Configuration updates for modernization
This document describes configuration updates you may need to make to your
managed Cloud Service Mesh before modernizing your mesh to
the TRAFFIC_DIRECTOR
control plane from the
ISTIOD
control plane.
The following are a list of possible configuration updates necessary to prepare your cluster for modernization. See each section for update instructions:
- Multi-cluster
- Enable Workload Identity Federation for GKE
- Enable managed CNI
- Unsupported Binary Usage
For more information on the modernization workflow, see the Managed control plane modernization page.
Migrate from Istio secrets to multicluster_mode
Multi-cluster secrets are not supported when a cluster is using the
TRAFFIC_DIRECTOR
control plane. This document describes how you
can modernize from using Istio multi-cluster secrets to using multicluster_mode
.
Istio secrets versus declarative API overview
Open source istio multi-cluster endpoint discovery works by
using istioctl
or other tools to create a Kubernetes Secret in a
cluster. This secret allows a cluster to load balance traffic to another cluster
in the mesh. The ISTIOD
control plane then reads this
secret and begins routing traffic to that other cluster.
Cloud Service Mesh has a declarative API to control multi-cluster traffic instead of directly creating Istio secrets. This API treats Istio secrets as an implementation detail and is more reliable than creating Istio secrets manually. Future Cloud Service Mesh features will depend on the declarative API, and you won't be able to use those new features with Istio secrets directly. The declarative API is the only supported path forward.
If you are using Istio Secrets, migrate to using the declarative API as
soon as possible. Note that the multicluster_mode
setting directs each cluster
to direct traffic to every other cluster in the mesh. Using secrets allows a
more flexible configuration, letting you configure for each cluster which other
cluster it should direct traffic to in the mesh.

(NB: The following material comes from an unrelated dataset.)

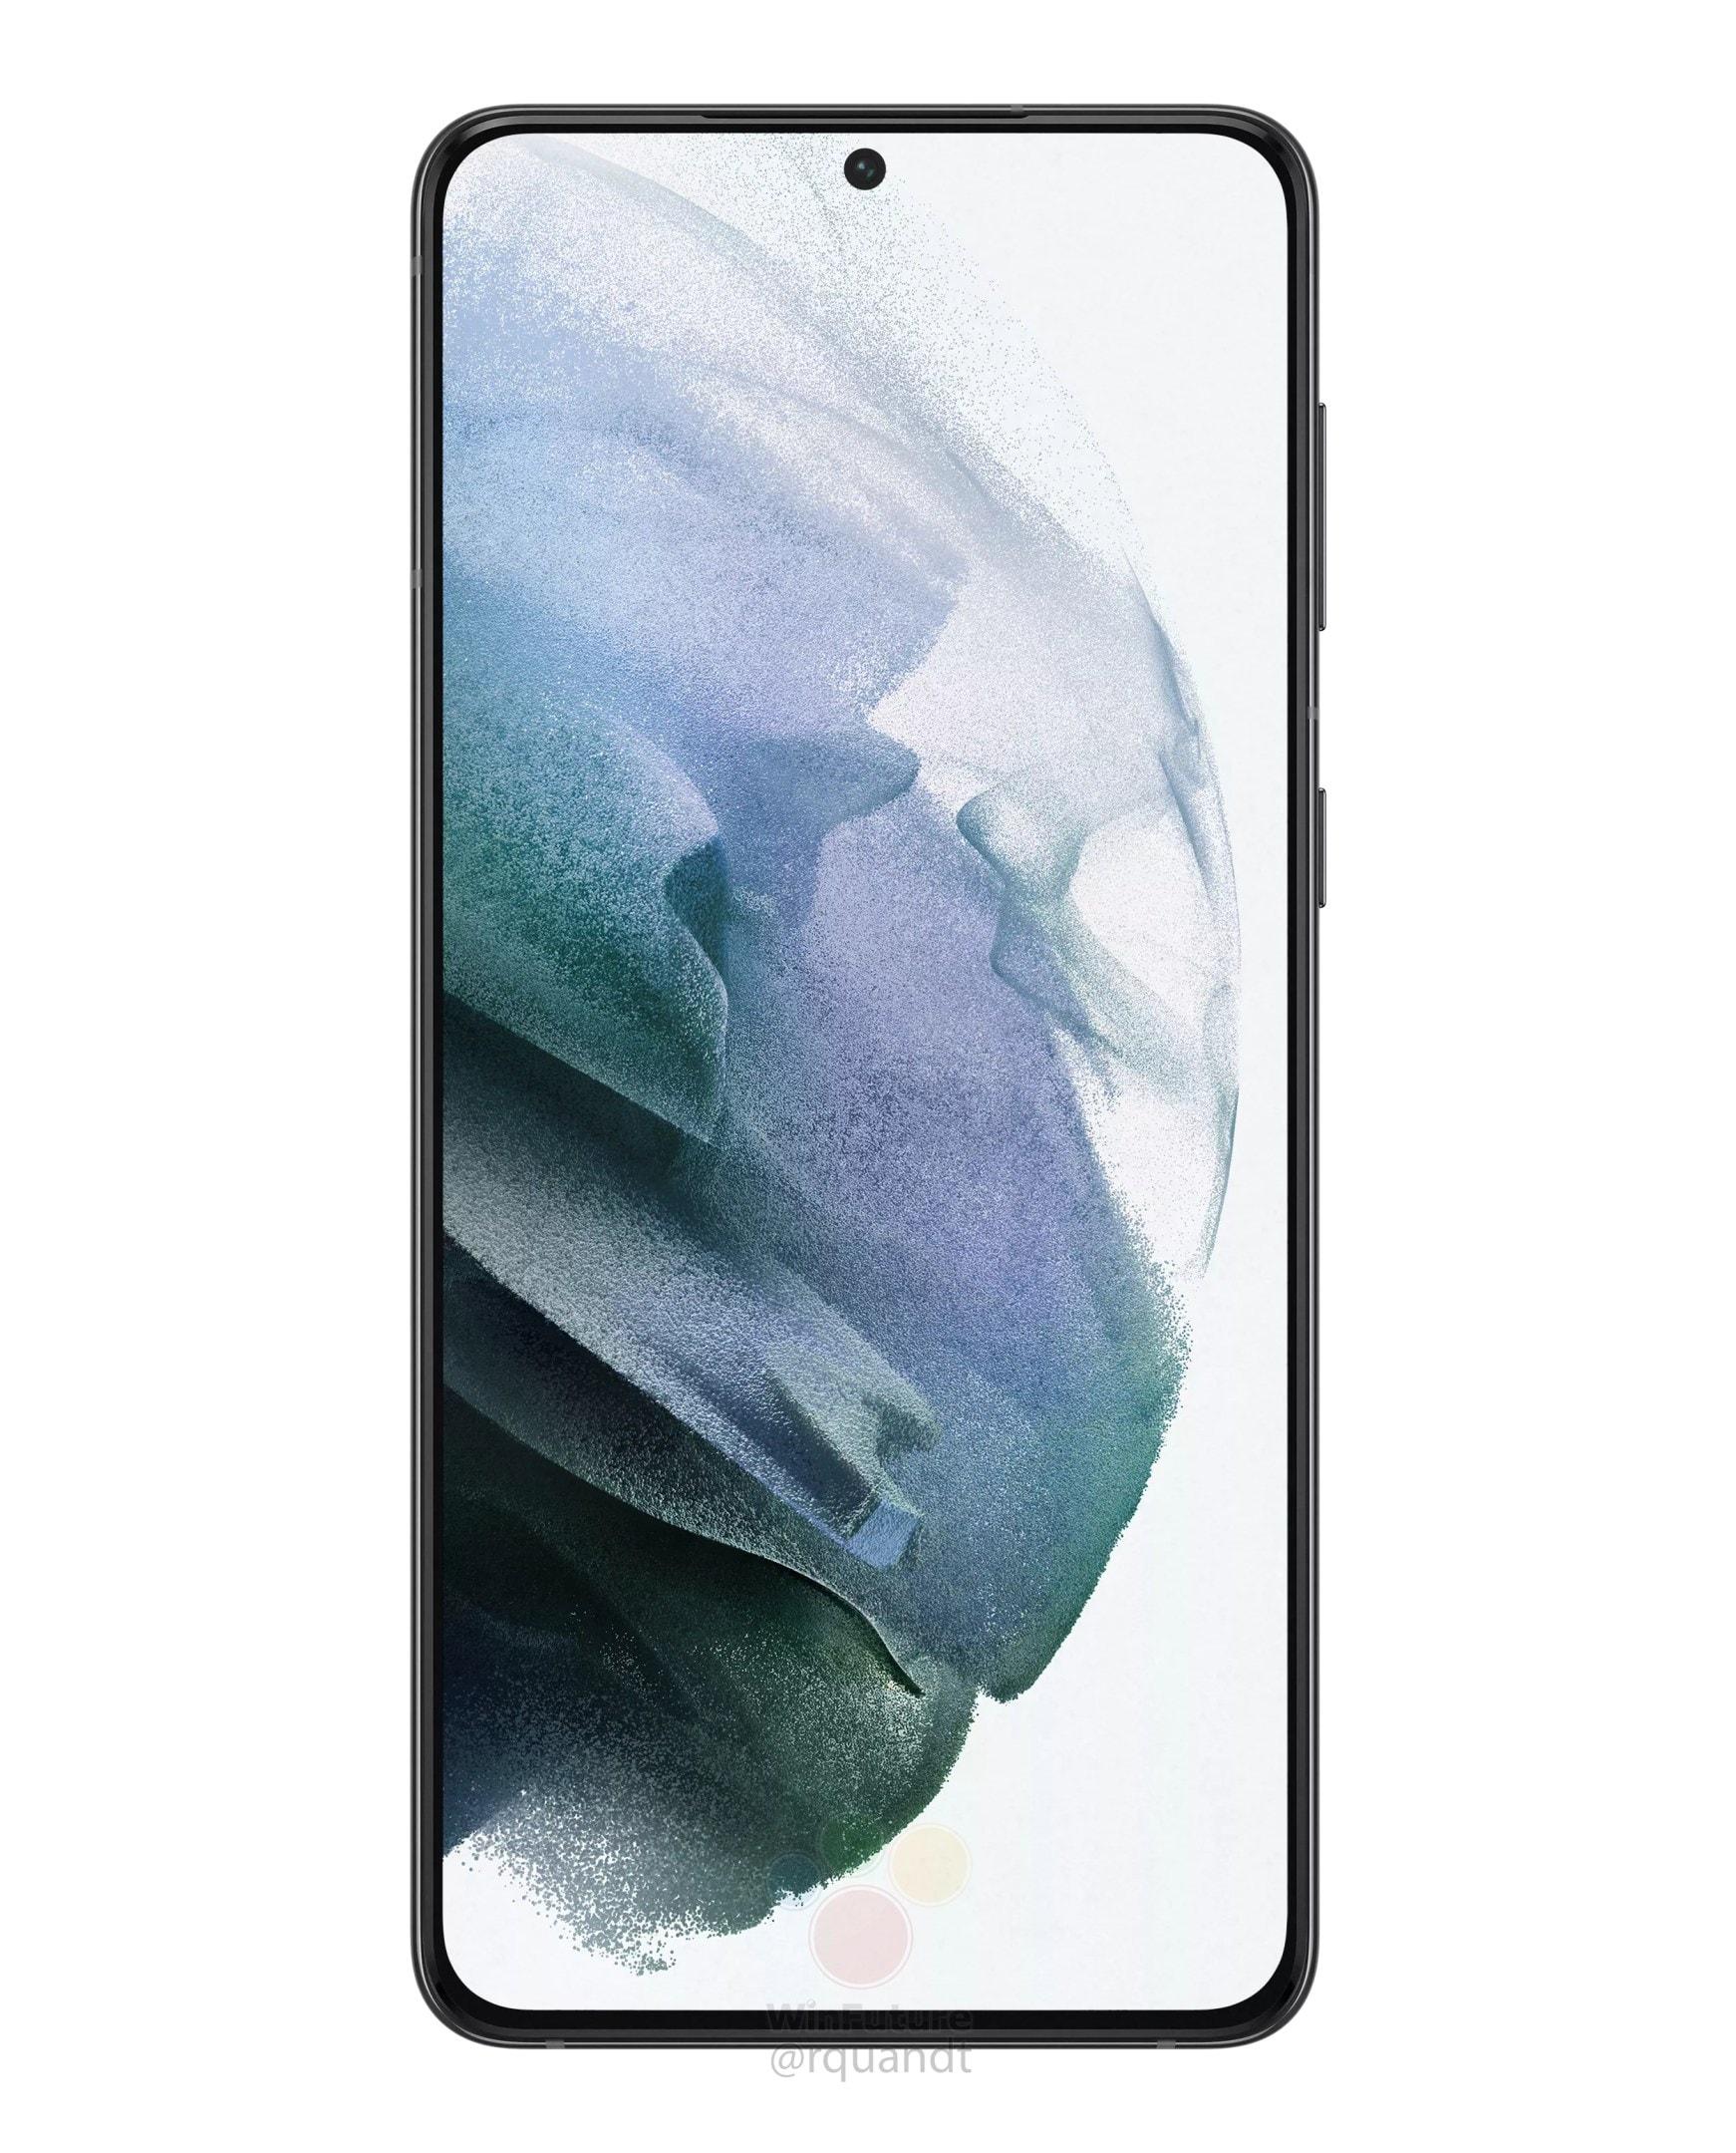 Samsung-Galaxy-S21-Plus-1608930629-0-0

For a full list of the differences between the supported
features of the declarative API and Istio secrets, see
Supported features using Istio APIs.
Migrate from Istio secrets to declarative API
If you provisioned Cloud Service Mesh using automatic management with the
fleet feature API, you don't
need to follow these instructions.
These steps only apply if you onboarded using asmcli --managed
.
Note, this process changes secrets that point to a cluster. During this process, the endpoints are removed and then re-added. In between the endpoints being removed and added, the traffic will briefly revert to routing locally instead of load balancing to other clusters. For more information, see the GitHub issue.
To move from using Istio secrets to the declarative API, follow these steps. Execute these steps at the same time or in close succession:
Enable the declarative API for each cluster in the fleet where you want to enable multi cluster endpoint discovery by setting
multicluster_mode=connected
. Note that you need to explicitly setmulticluster_mode=disconnected
if you don't want the cluster to be discoverable.Use the following command to opt in a cluster for multi cluster endpoint discovery:
kubectl patch configmap/asm-options -n istio-system --type merge -p '{"data":{"multicluster_mode":"connected"}}'
Use the following command to opt a cluster out of endpoint discovery:
kubectl patch configmap/asm-options -n istio-system --type merge -p '{"data":{"multicluster_mode":"disconnected"}}'
Delete old secrets.
After setting
multicluster_mode=connected
on your clusters, each cluster will have a new secret generated for every other cluster that also hasmulticluster_mode=connected
set. The secret is placed in the istio-system namespace and have the following format:istio-remote-secret-projects-PROJECT_NAME-locations-LOCATION-memberships-MEMBERSHIPS
Each secret will also have the label
istio.io/owned-by: mesh.googleapis.com
applied.Once the new secrets are created, you can delete any secrets manually created with
istioctl create-remote-secret
:kubectl delete secret SECRET_NAME -n istio-system
Once migrated, check your request metrics to make sure they're routed as expected.
Enable Workload Identity Federation for GKE
Workload Identity Federation is the recommended secure method for Google Kubernetes Engine workloads. This allows access to Google Cloud services such as Compute Engine, BigQuery, and Machine Learning APIs. Workload Identity Federation doesn't require manual configuration or less secure methods like service account key files because it uses IAM policies. For more details on Workload Identity Federation, see How Workload Identity Federation for GKE works.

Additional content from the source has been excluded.